The Liberalised Remittance Scheme (LRS) is a regulatory framework established by the Reserve Bank of India (RBI) that allows resident Indians to remit a certain amount of money abroad for permitted purposes. It is the essential route through which Indian investors can legally buy and hold stocks listed on international exchanges like the NYSE and NASDAQ.
1. Annual Investment Limit
- Limit: Resident individuals can remit up to USD 2,50,000 per financial year (April to March).
- Cumulative: This limit is cumulative across all overseas expenditures, including international travel, education, gifts, medical treatment, and investments.

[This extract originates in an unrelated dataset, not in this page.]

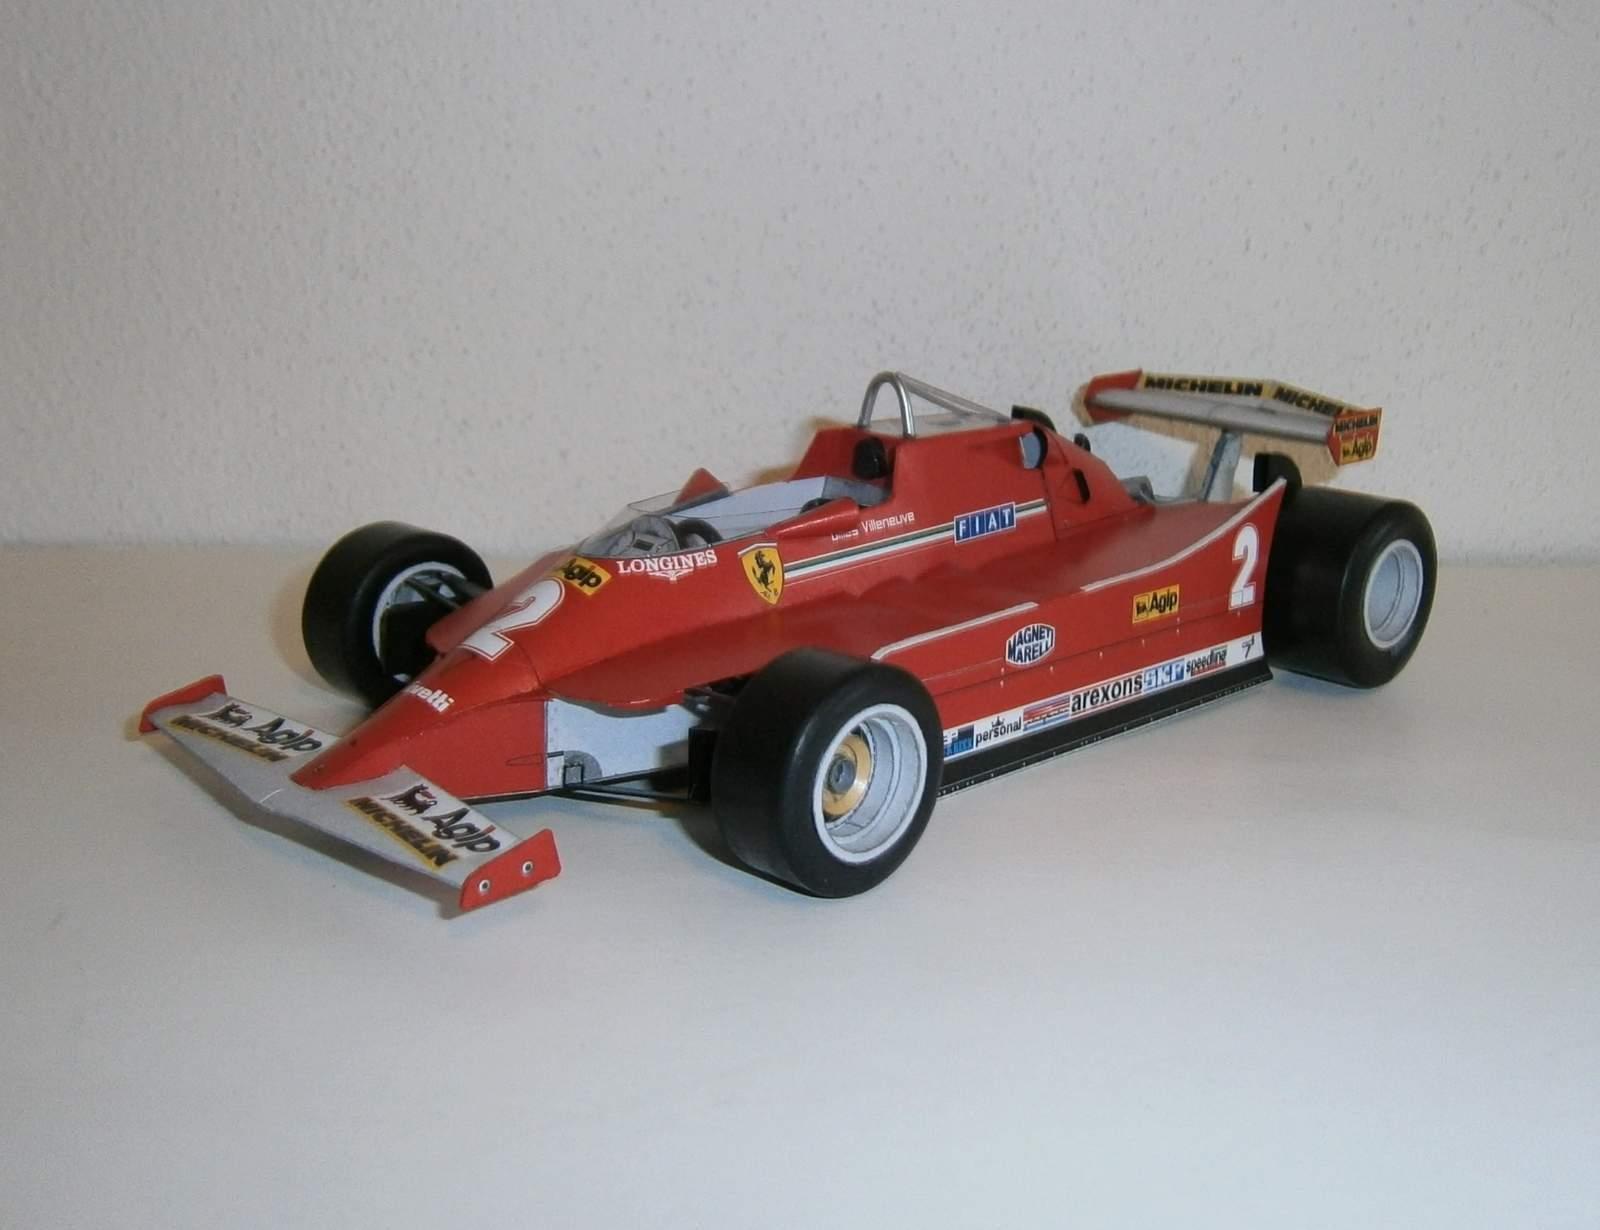 Ferrari 126C - G.Villeneuve,GP Italy-practice 1980
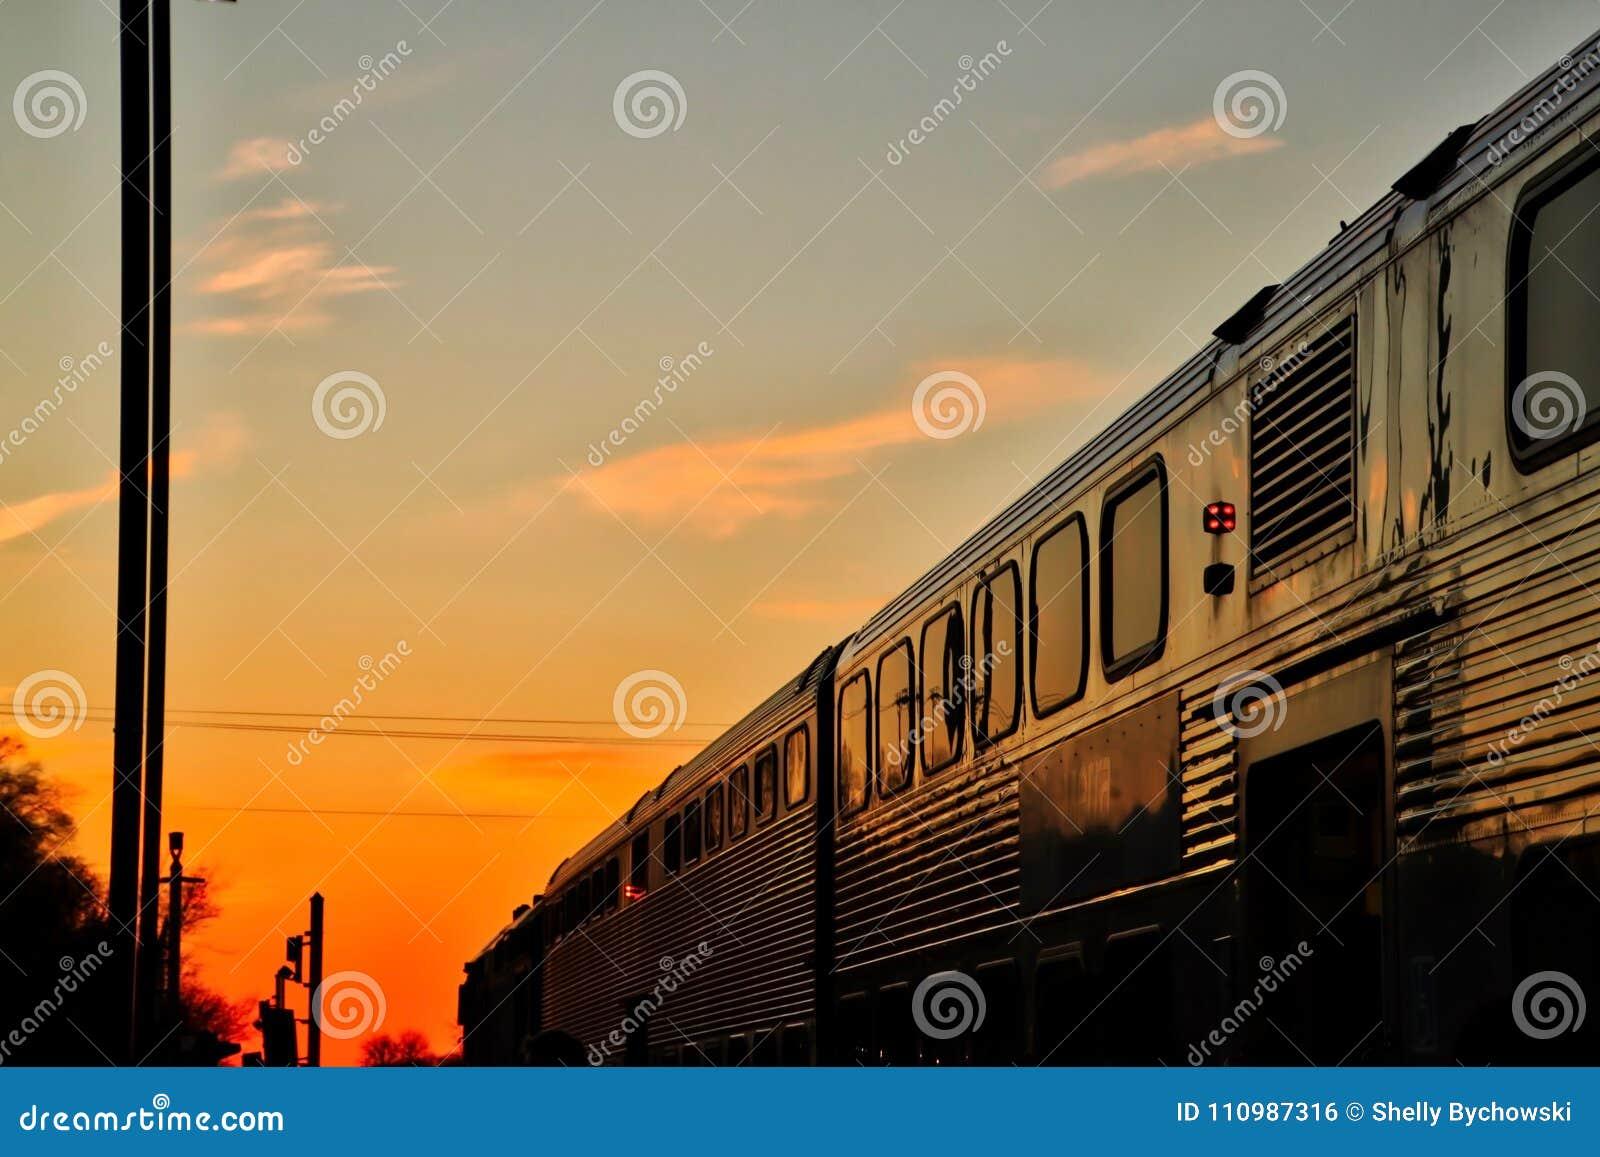 Metra-Zug reist in den Sonnenuntergang am Ende eines Spätwintertages

- Reset: The limit resets every year on April 1st; unused limits do not carry forward.
2. Eligibility
- Who can invest: Any Indian resident aged 18 or above with a valid PAN card.
- Exclusions: NRIs are not covered under the LRS framework. Additionally, companies, HUFs, and partnership firms are currently not eligible to invest in US stocks through this route at Samco.
3. Permitted vs. Prohibited Activities
Under LRS guidelines, there are strict rules regarding what investors can do:
- Permitted: Buying individual US stocks, purchasing US ETFs (like SPY or QQQ), and holding fractional shares.
- Prohibited: Intraday trading (buying and selling the same stock on the same day), trading in Futures & Options (F&O), using margin or leverage, and short selling are all strictly prohibited.